Direktur Impor Kementerian Perdagangan, Thamrin Latuconsina menyatakan, pihak Kementan belum mengundang Kemendag untuk membahas soal adanya aturan mengenai penunjukan BUMN untuk mengimpor daging sapi jenis secondary cut.
“Masalah itu belum dibicarakan,” katanya, pekan lalu. Karena belum ada pembicaraan antara kedua instansi yang mengurusi kegiatan impor daging sapi tersebut, Thamrin mengaku tidak bisa memberikan penjelasan lebih gamblang soal kemungkinan BUMN melakukan kegiatan impor daging sapi jenis secondary cut.
Daging jenis potongan sekunder sendiri saat ini merupakan jenis daging yang tidak dikeluarkan izin impornya karena kebutuhan masyarakat terhadap daging jenis tersebut, seperti daging rendang dan semur, sudah bisa dipenuhi pelaku usaha sapi di dalam negeri.
Untuk periode Januari hingga Maret 2015, Kemendag hanya mengeluarkan izin impor daging ntuk tiga jenis daging, yakni prime cut, daging variasi serta daging industri. Untuk ketiga jenis daging sapi itu, Kemendag telah mengeluarkan izin impor sebanyak 12.246 ton. Sementara untuk daging jenis secondary cut tidak dikeluarkan izin impornya.
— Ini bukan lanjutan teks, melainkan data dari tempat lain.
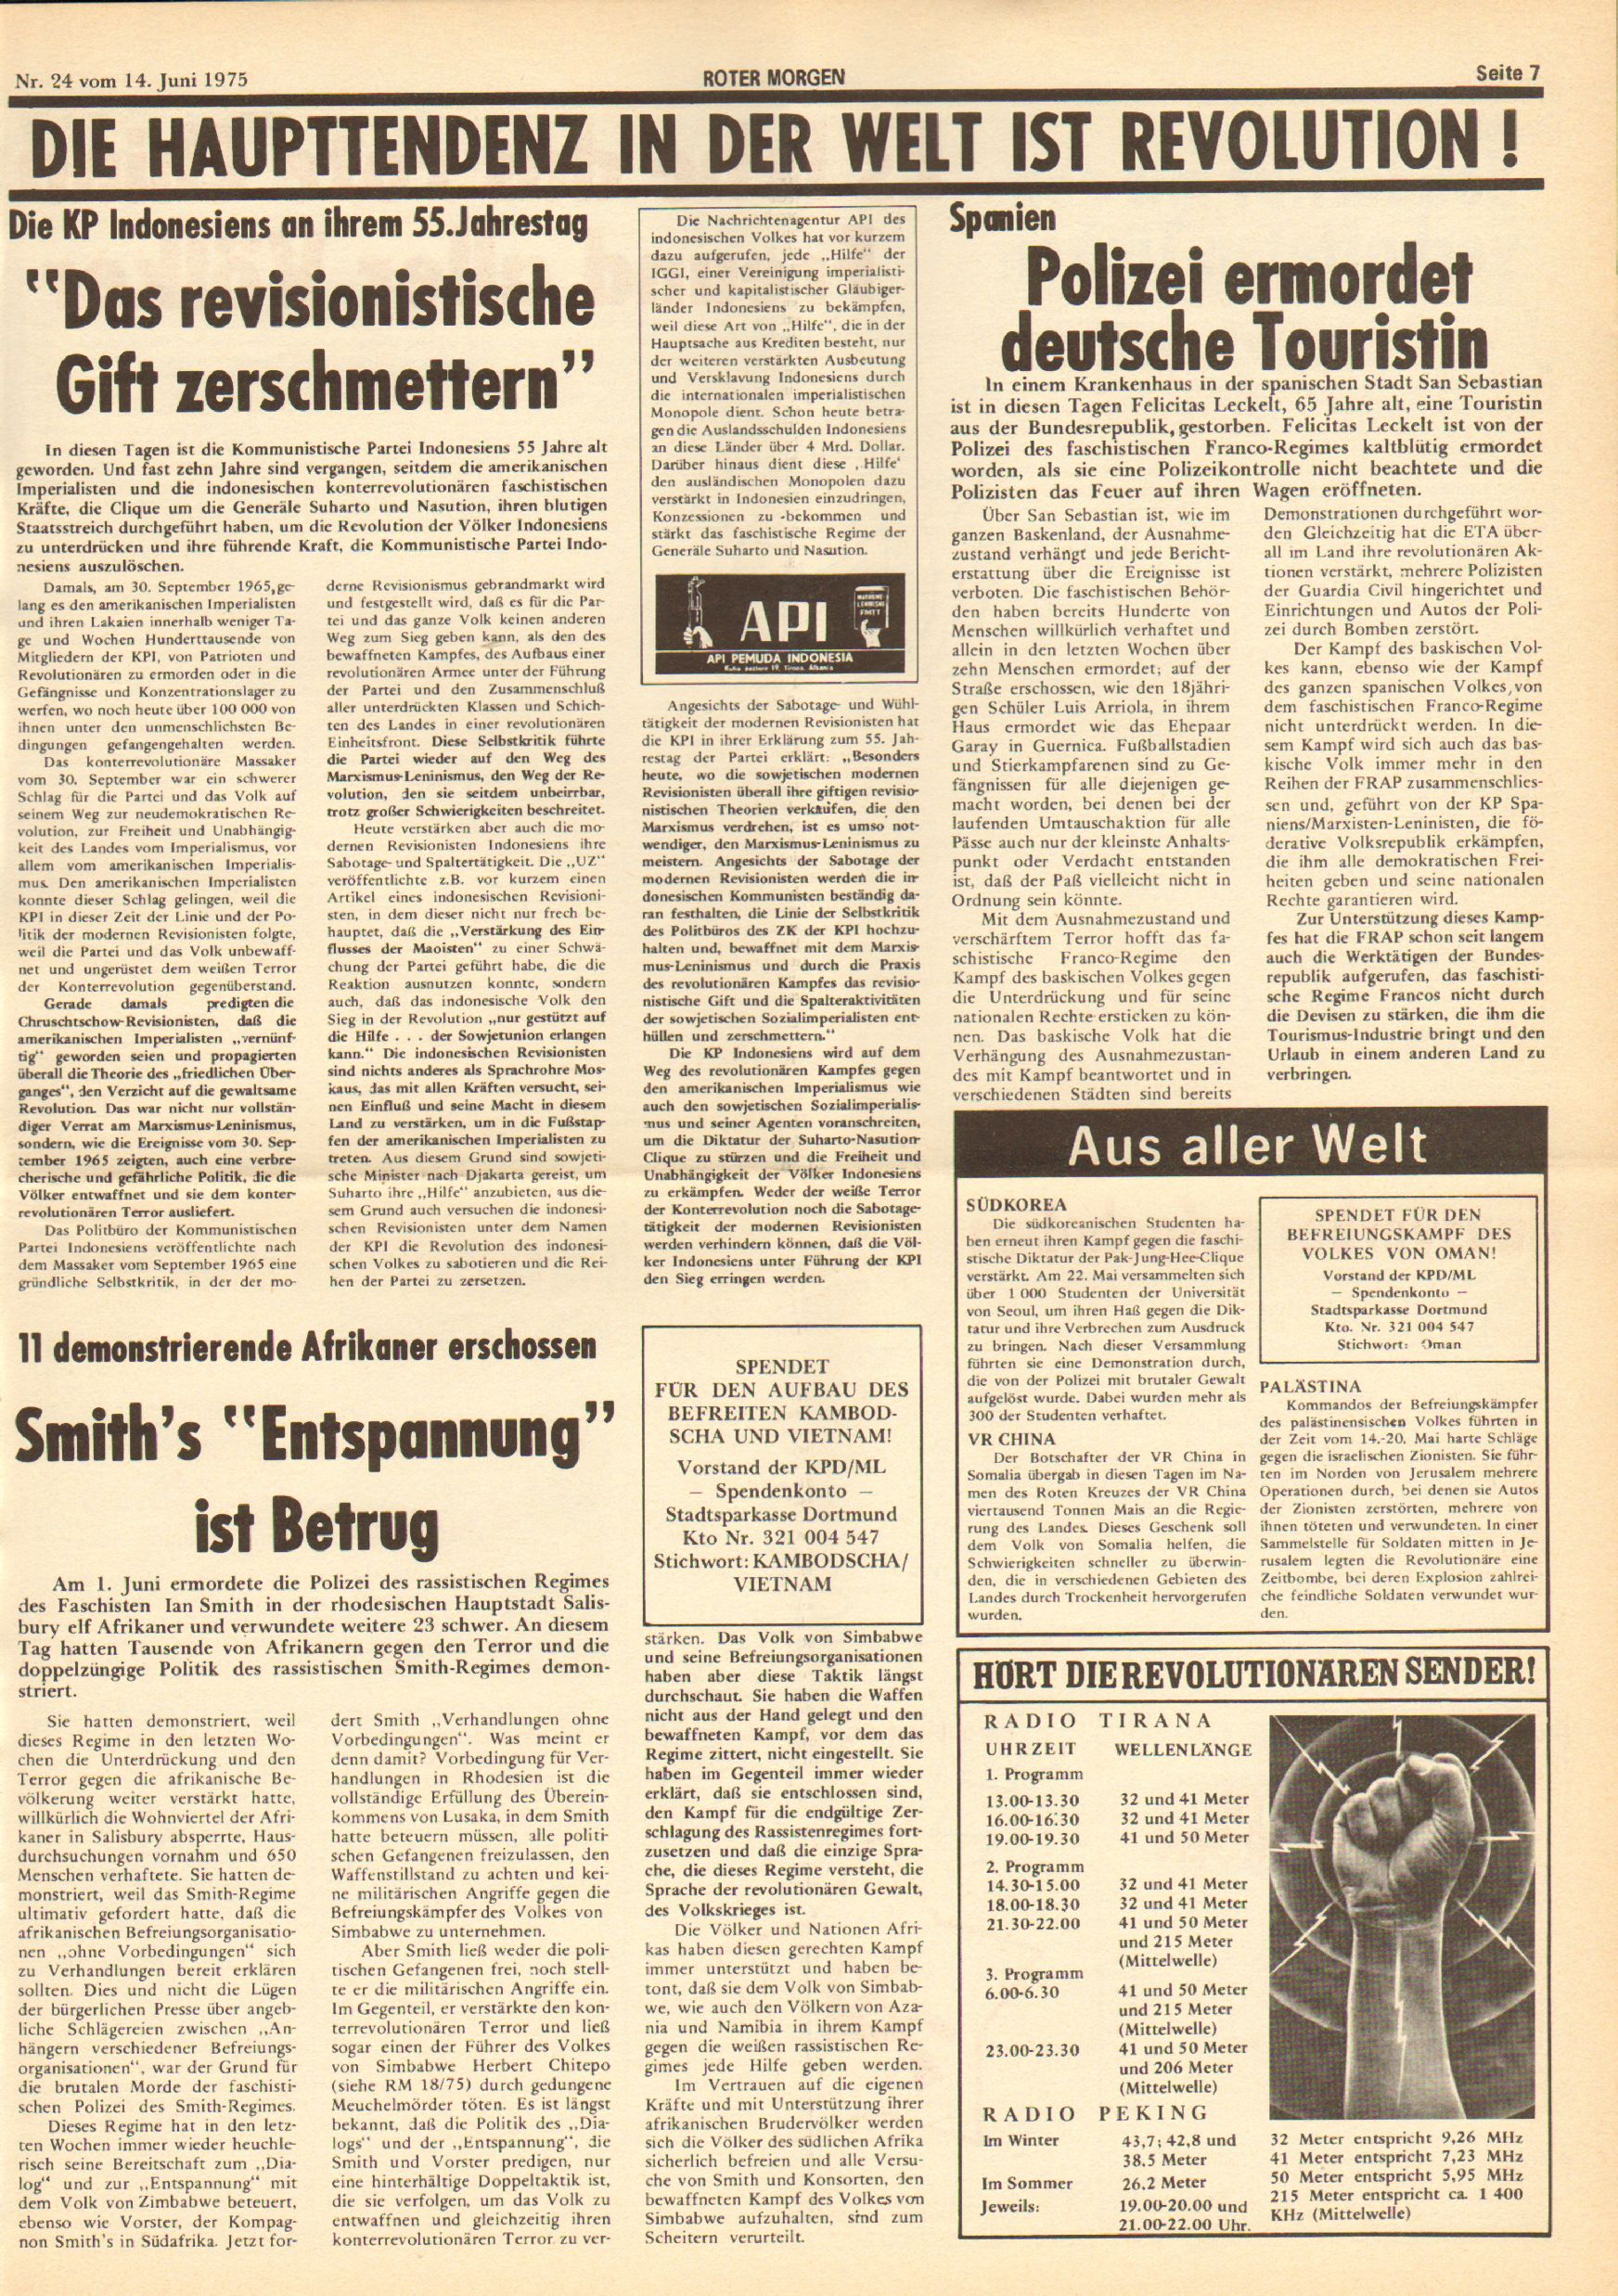 Roter Morgen, 9. Jg., 14. Juni 1975, Nr. 24, Seite 7

Selain daging sapi, Kemendag juga menerbitkan izin impor sapi hidup bakalan sebanyak 100.000 ekor. “Izin impor itu berlaku untuk periode Januari hingga Maret 2015,” ujar Dirjen Perdagangan Luar Negeri Kementerian Perdagangan, Partogi Pangaribuan, pekan lalu.
Menurut Partogi, penetapan besaran kuota daging sapi dan hewan sapi untuk triwulan itu ditetapkan dengan mengacu pada stok daging sapi yang ada di dalam negeri saat ini. “Stok daging dan hewan sapi masih ada di dalam negeri,” katanya.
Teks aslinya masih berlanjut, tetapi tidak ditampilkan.